▶ _Material for this exercise_:
§ §
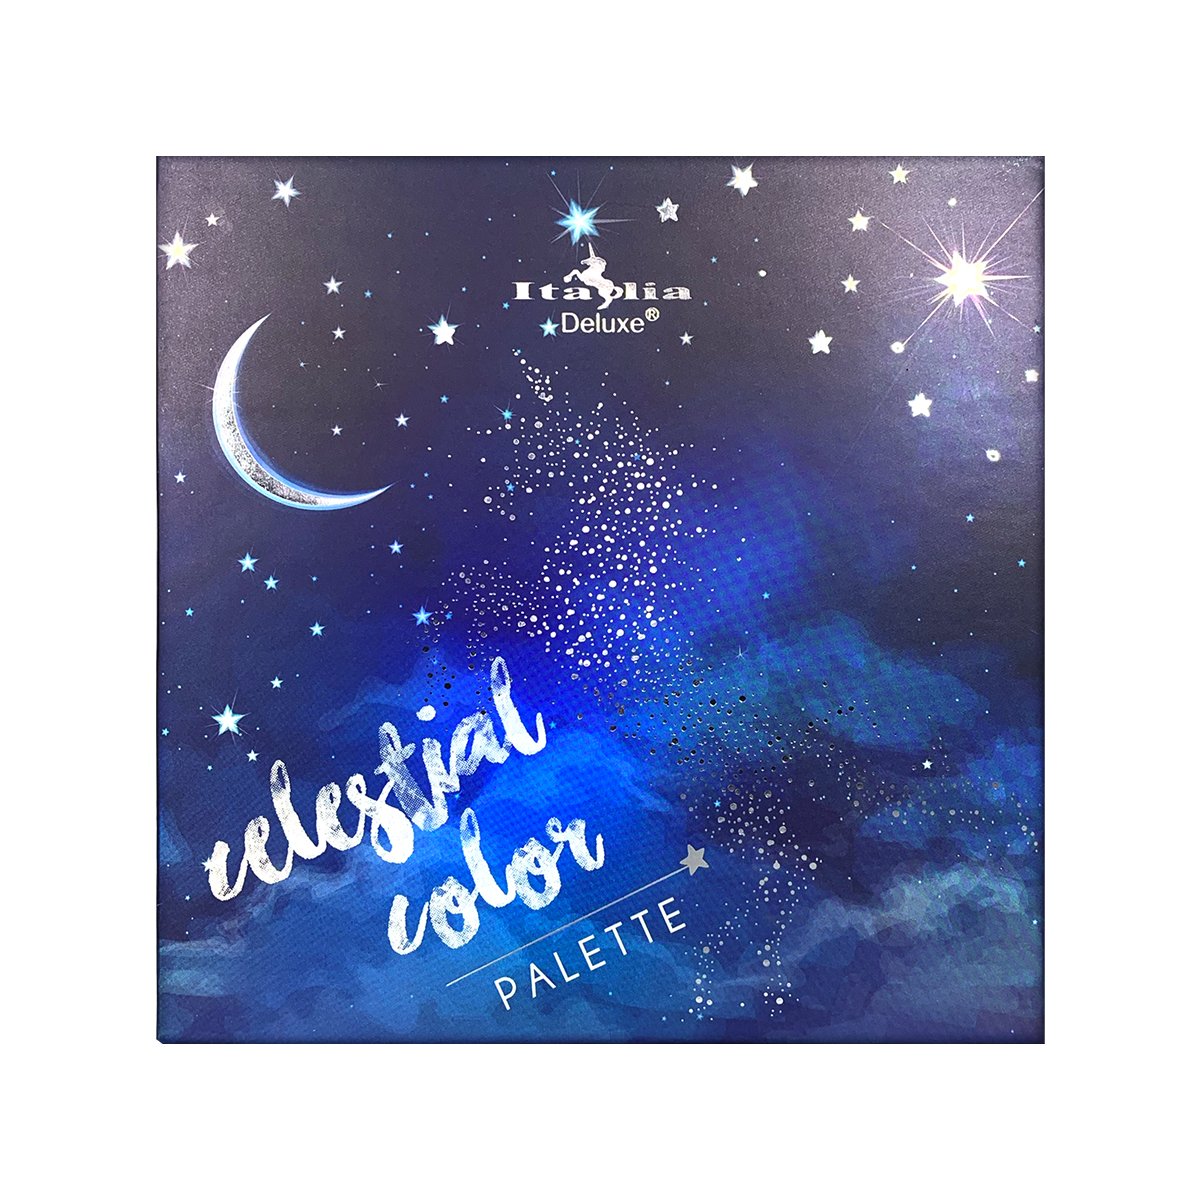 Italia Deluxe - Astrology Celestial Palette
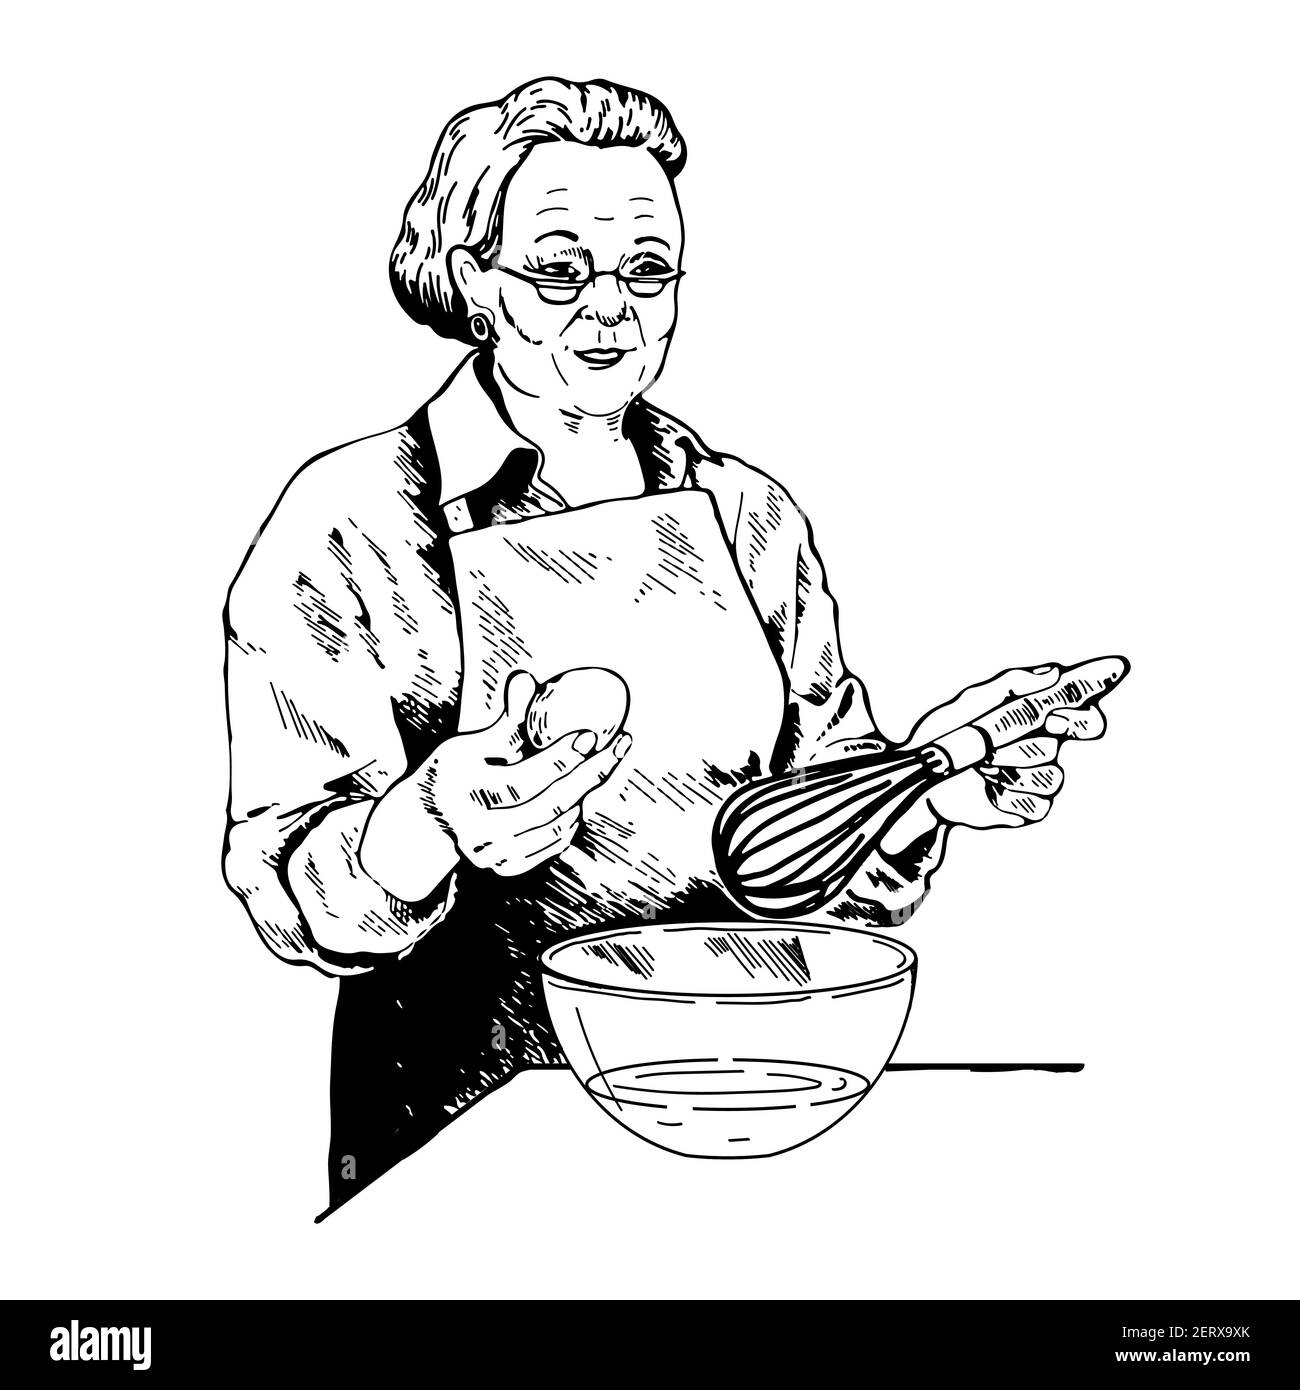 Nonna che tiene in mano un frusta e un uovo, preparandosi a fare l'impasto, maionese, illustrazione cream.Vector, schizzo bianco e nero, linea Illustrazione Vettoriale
§ §
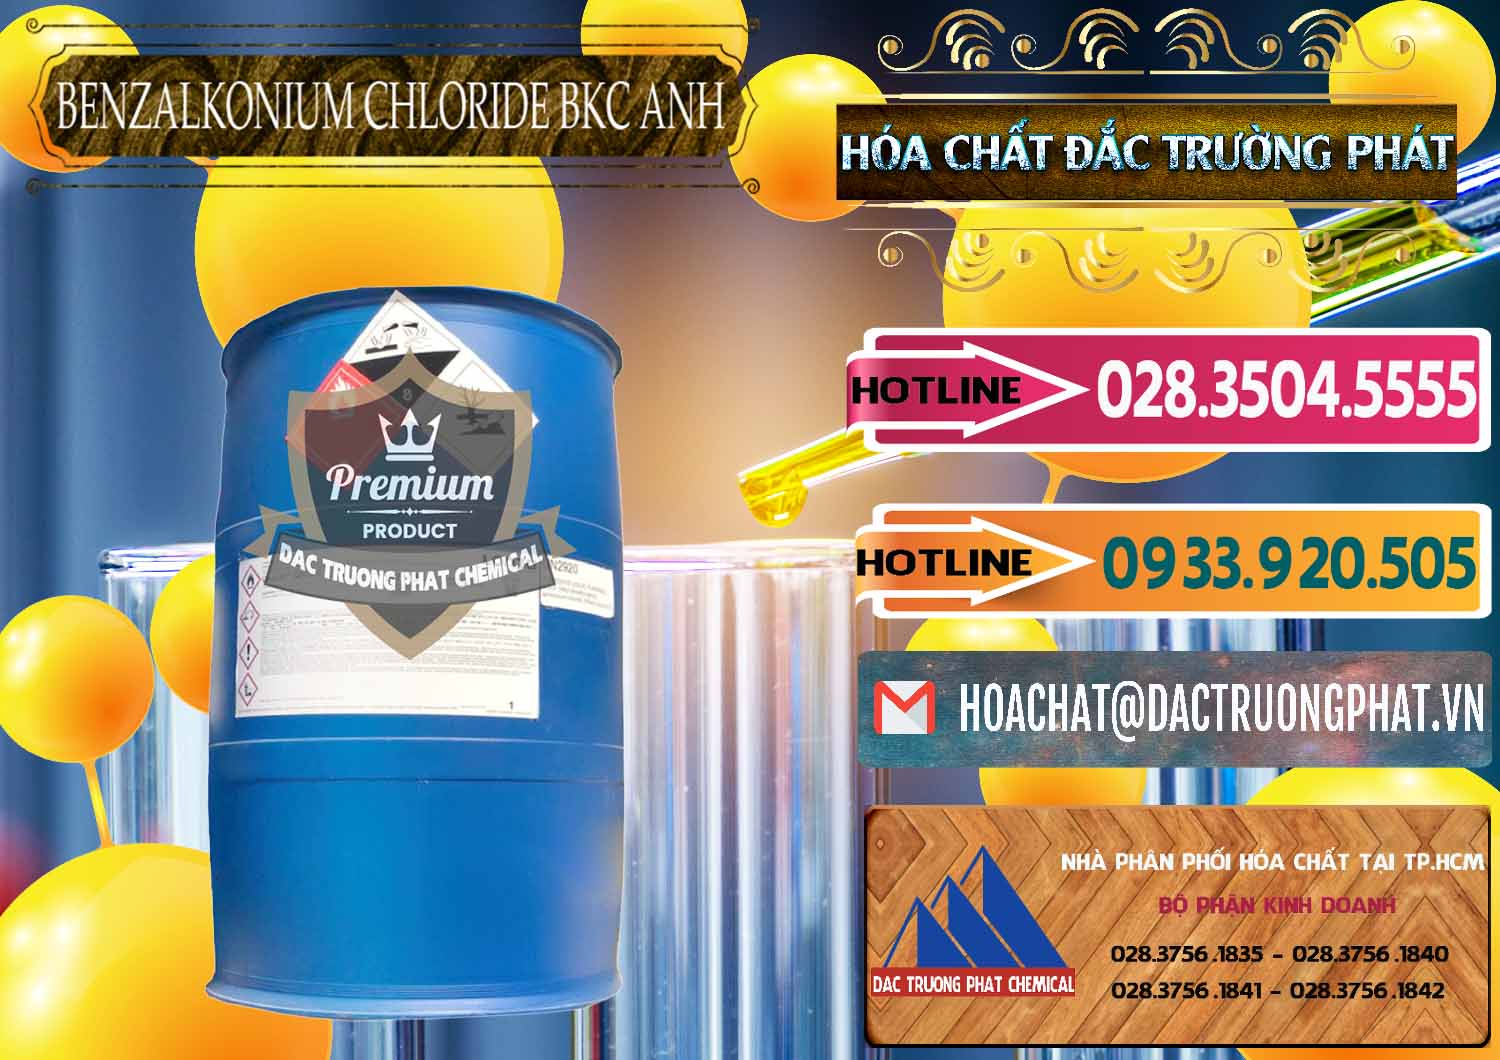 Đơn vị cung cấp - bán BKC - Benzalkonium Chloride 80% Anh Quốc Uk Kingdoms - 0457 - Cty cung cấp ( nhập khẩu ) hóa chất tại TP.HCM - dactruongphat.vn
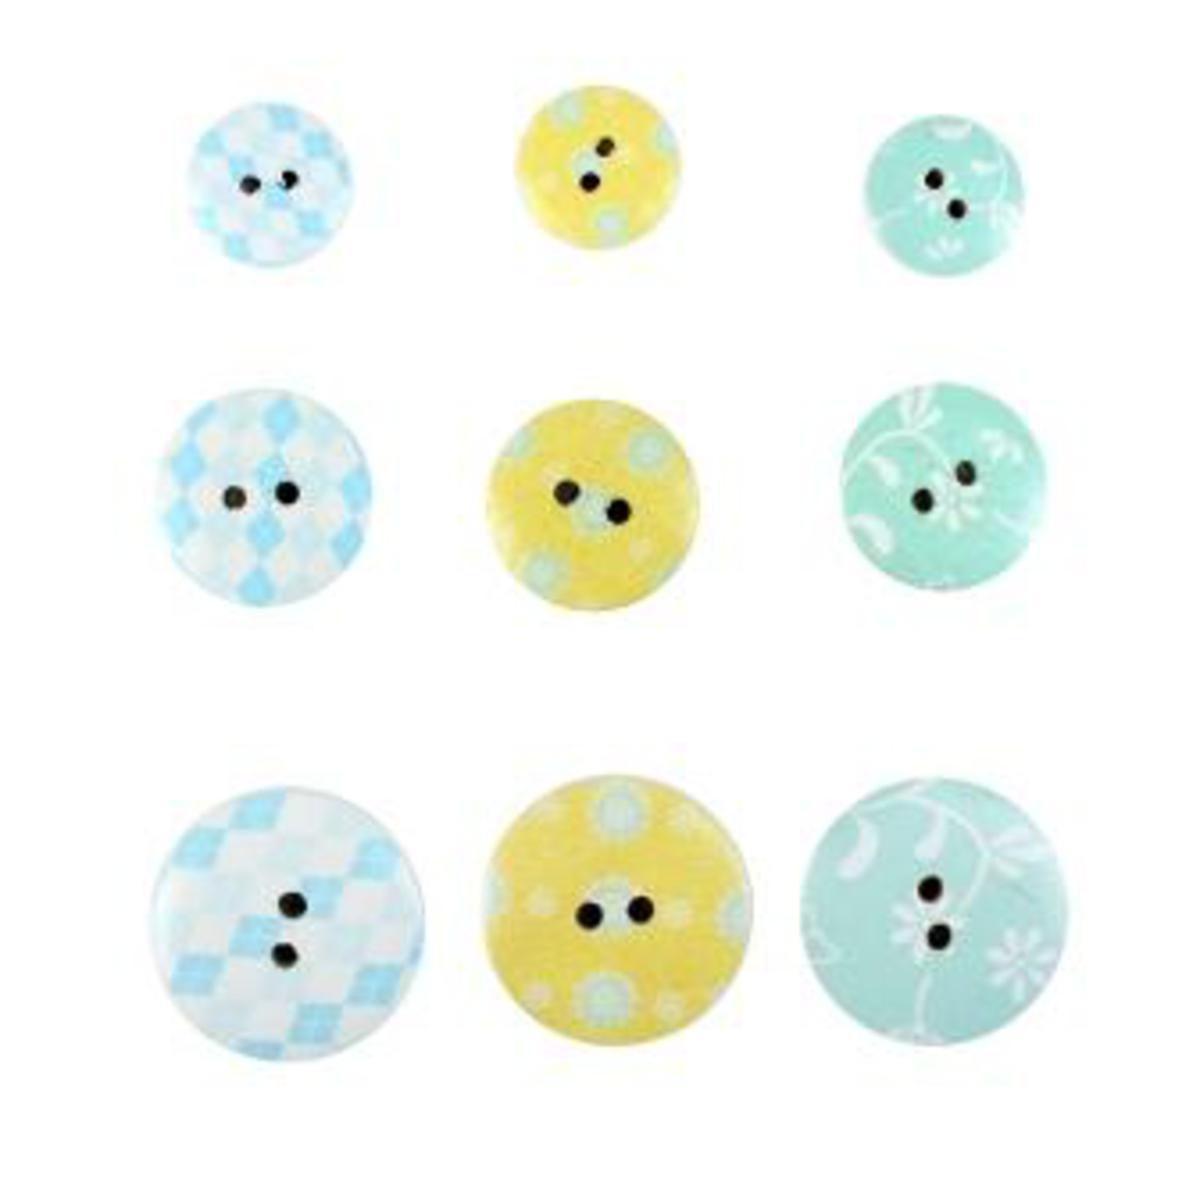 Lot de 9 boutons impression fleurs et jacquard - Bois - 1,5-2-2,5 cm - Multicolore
§ §
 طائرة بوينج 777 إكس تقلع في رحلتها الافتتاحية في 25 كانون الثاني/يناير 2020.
§ §
▶ _About this exercise_: Write out word for word the lines above that run from the one with "Italia Deluxe - Astrology Celestial Palette" to the one with "Nonna che tiene". Include both end lines; exclude the images.

▶ _Solved problem_:
 Italia Deluxe - Astrology Celestial Palette
 Nonna che tiene in mano un frusta e un uovo, preparandosi a fare l'impasto, maionese, illustrazione cream.Vector, schizzo bianco e nero, linea Illustrazione Vettoriale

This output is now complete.